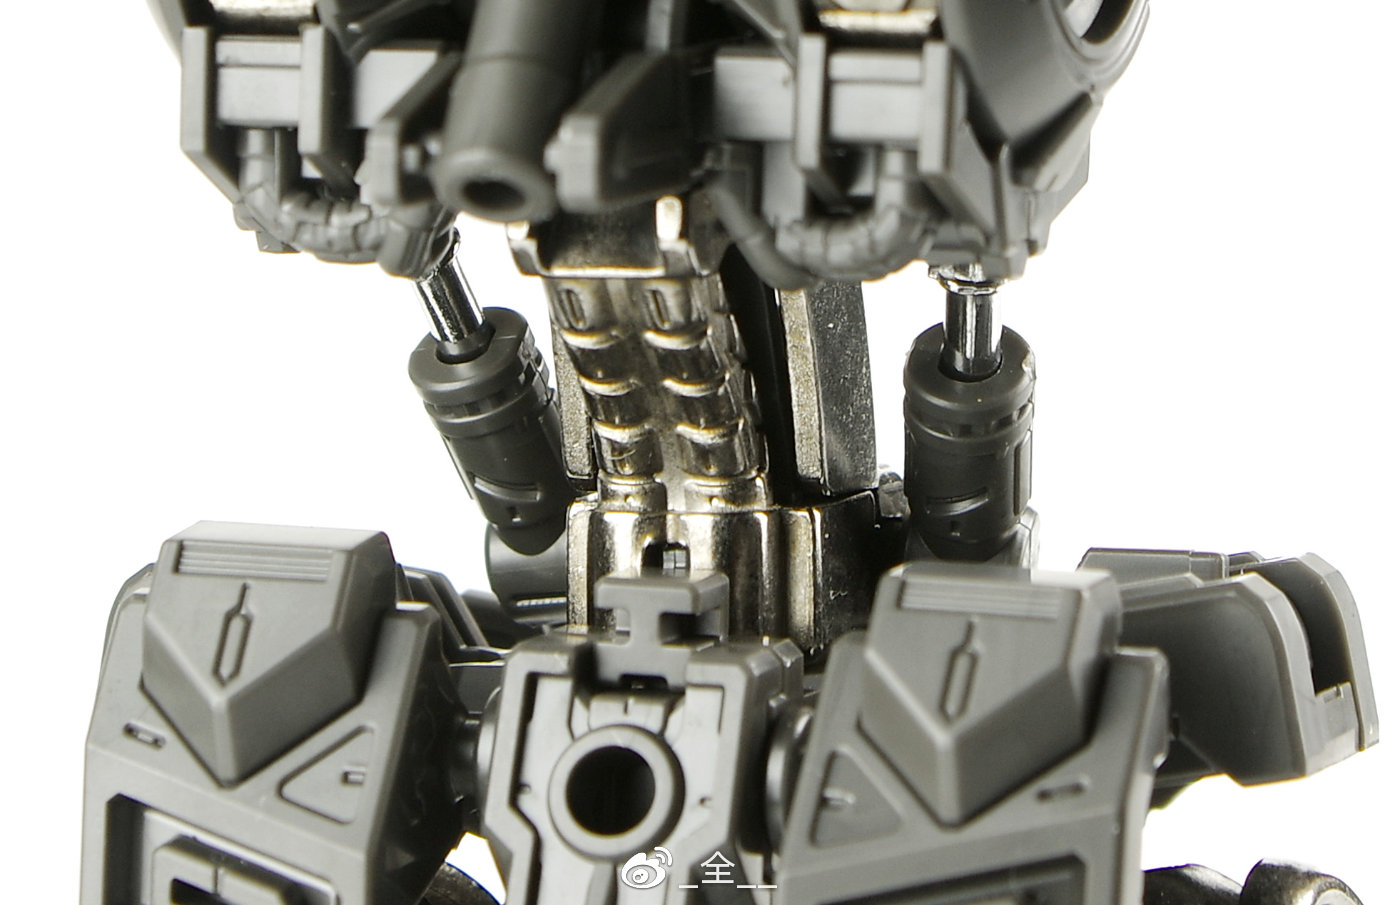 M103_mg_barbatos_metal_frame_parts_set_009_029.jpg
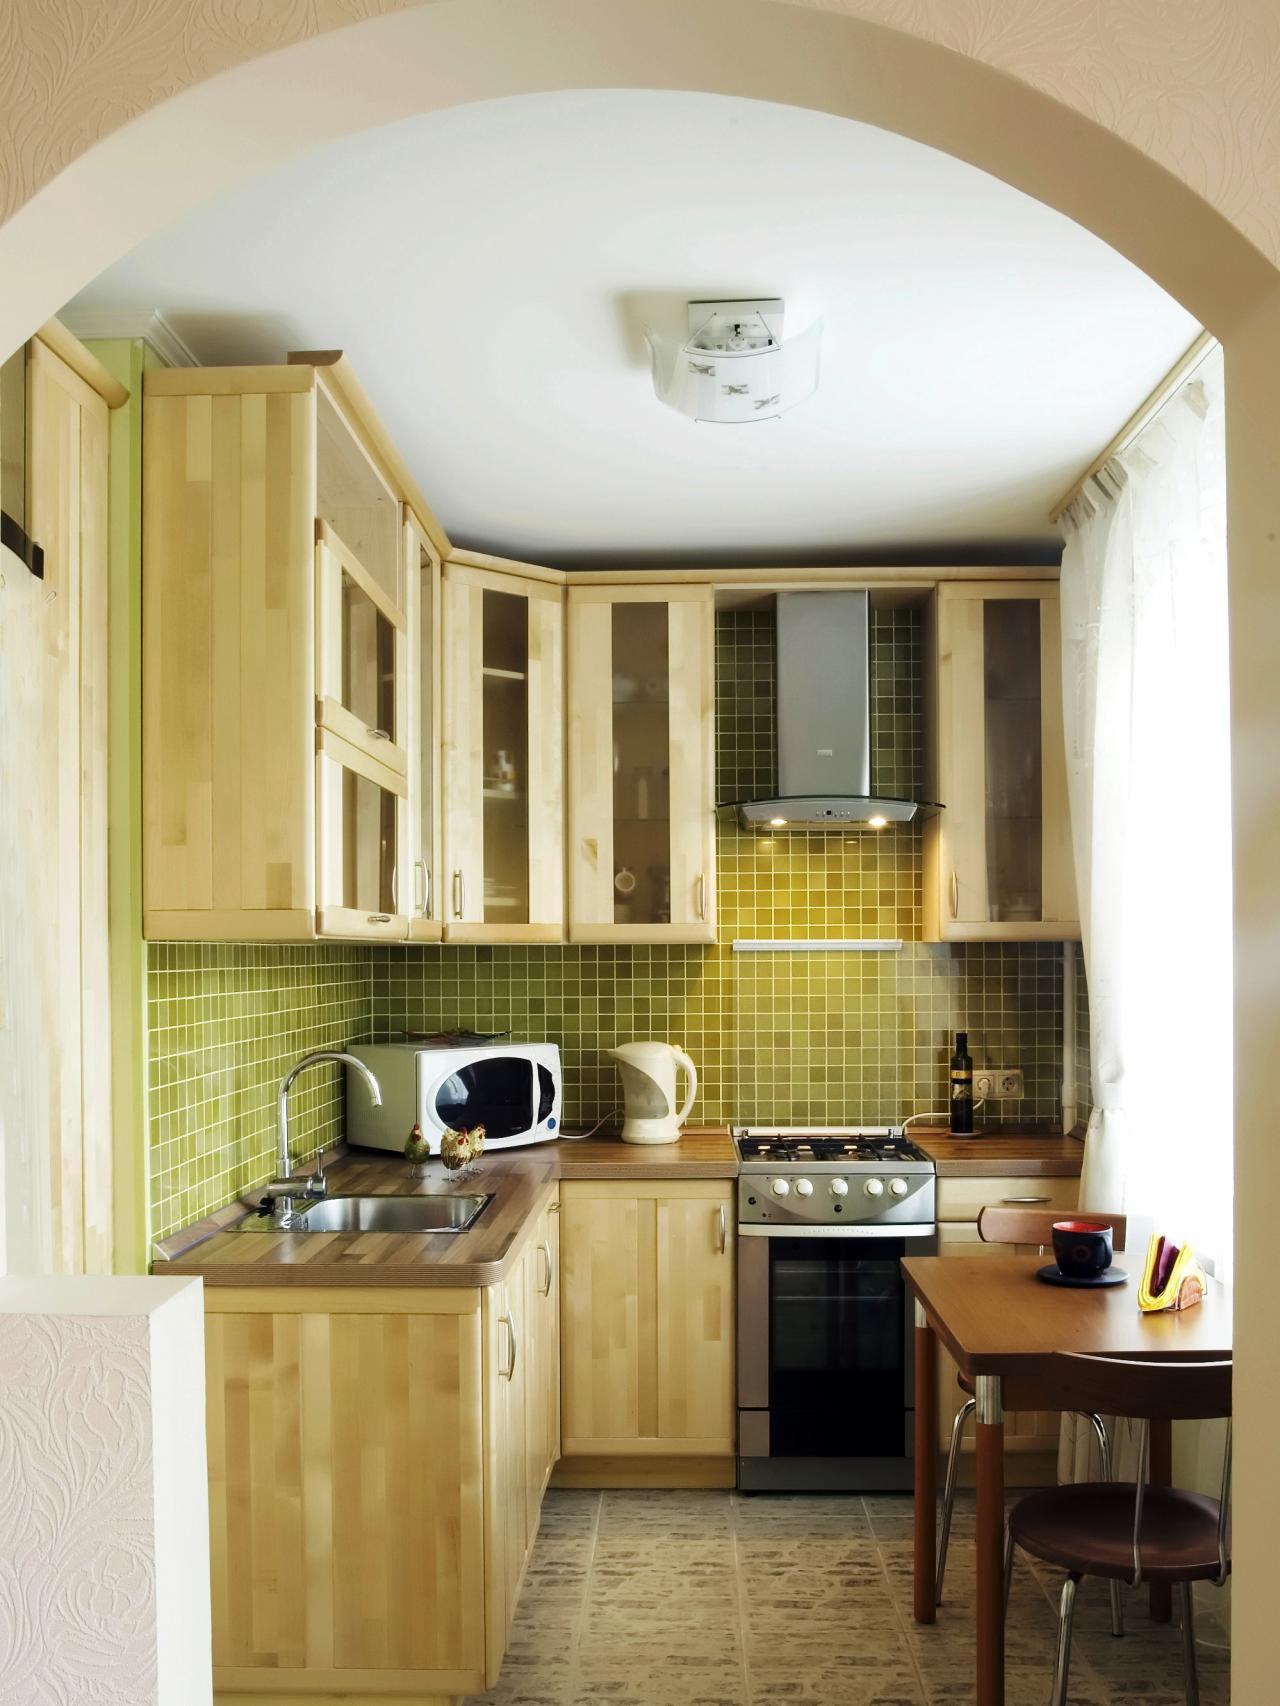 små-køkken-table-optioner-billeder-ideer-fra-hgtv-køkken-små-køkkener-ideer-små-køkkener-med-open-reoler-inden-lille-køkken-20-ideer-til-udsmykning-a- små-køkken
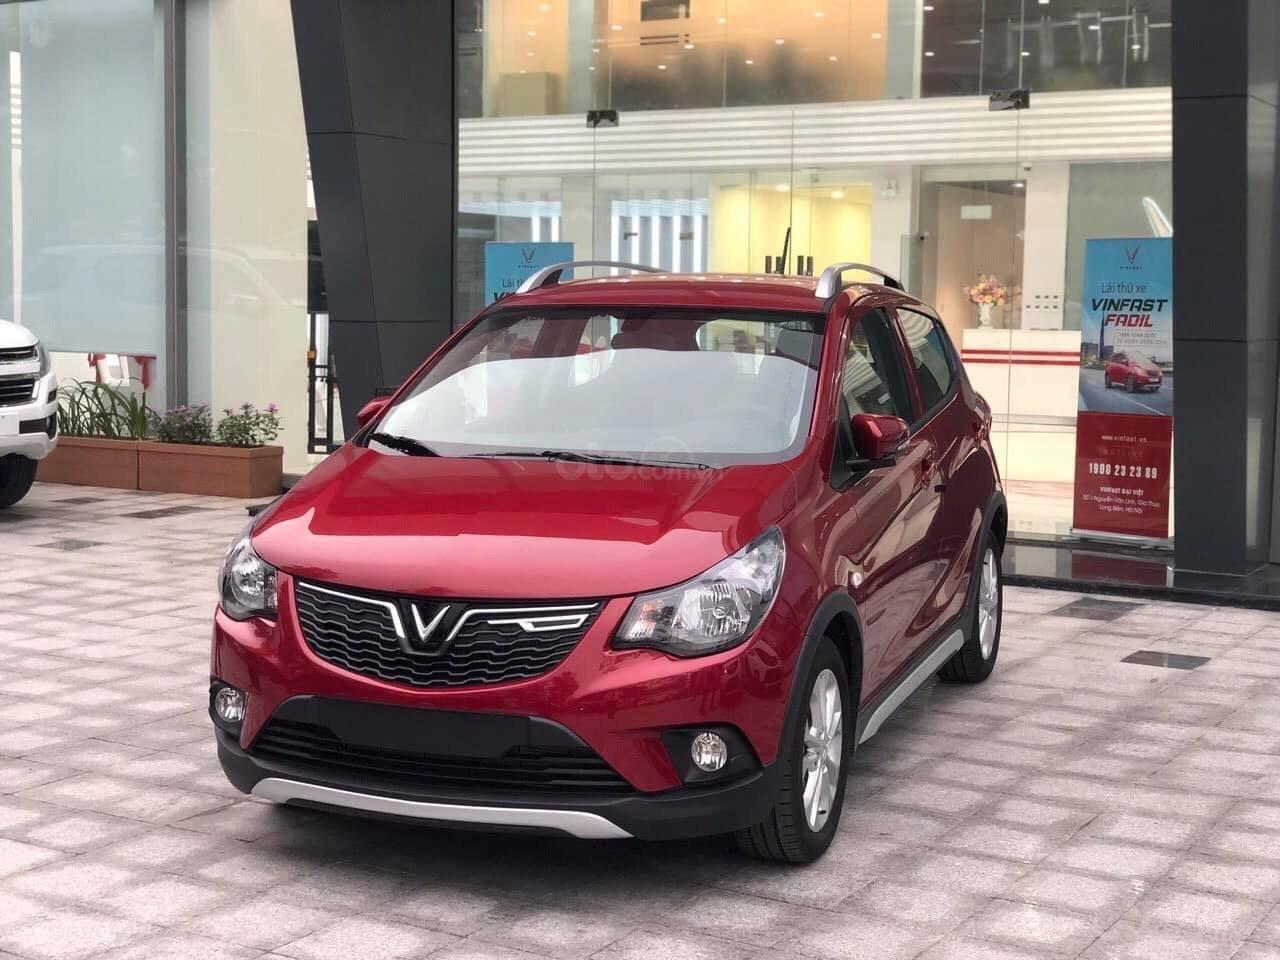 Bán xe VinFast Fadil sản xuất 2019, đủ màu giao ngay 0911234775 em Long (2)
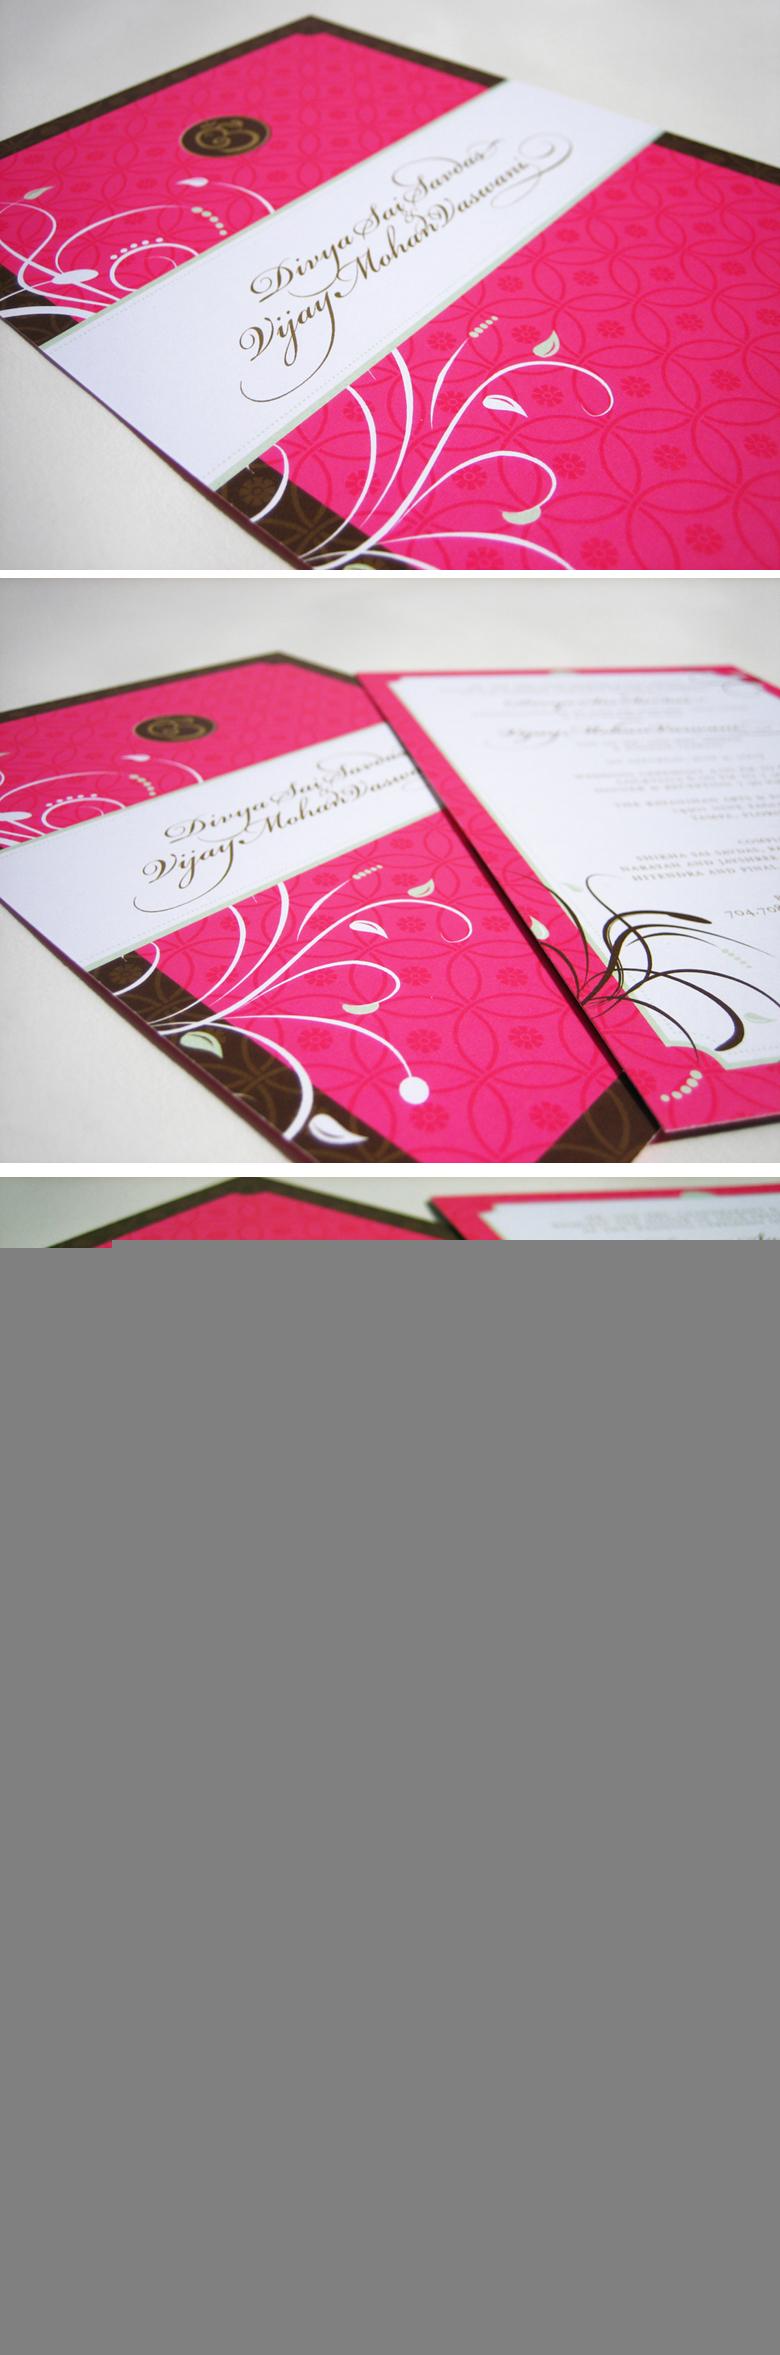 Invite 1 copy

========

— YOUR INSTRUCTIONS —
What you produce should repeat the data word for word while omitting all images.

— TASK RESPONSE —
 M103_mg_barbatos_metal_frame_parts_set_009_029.jpg
 små-køkken-table-optioner-billeder-ideer-fra-hgtv-køkken-små-køkkener-ideer-små-køkkener-med-open-reoler-inden-lille-køkken-20-ideer-til-udsmykning-a- små-køkken
 Bán xe VinFast Fadil sản xuất 2019, đủ màu giao ngay 0911234775 em Long (2)
 Invite 1 copy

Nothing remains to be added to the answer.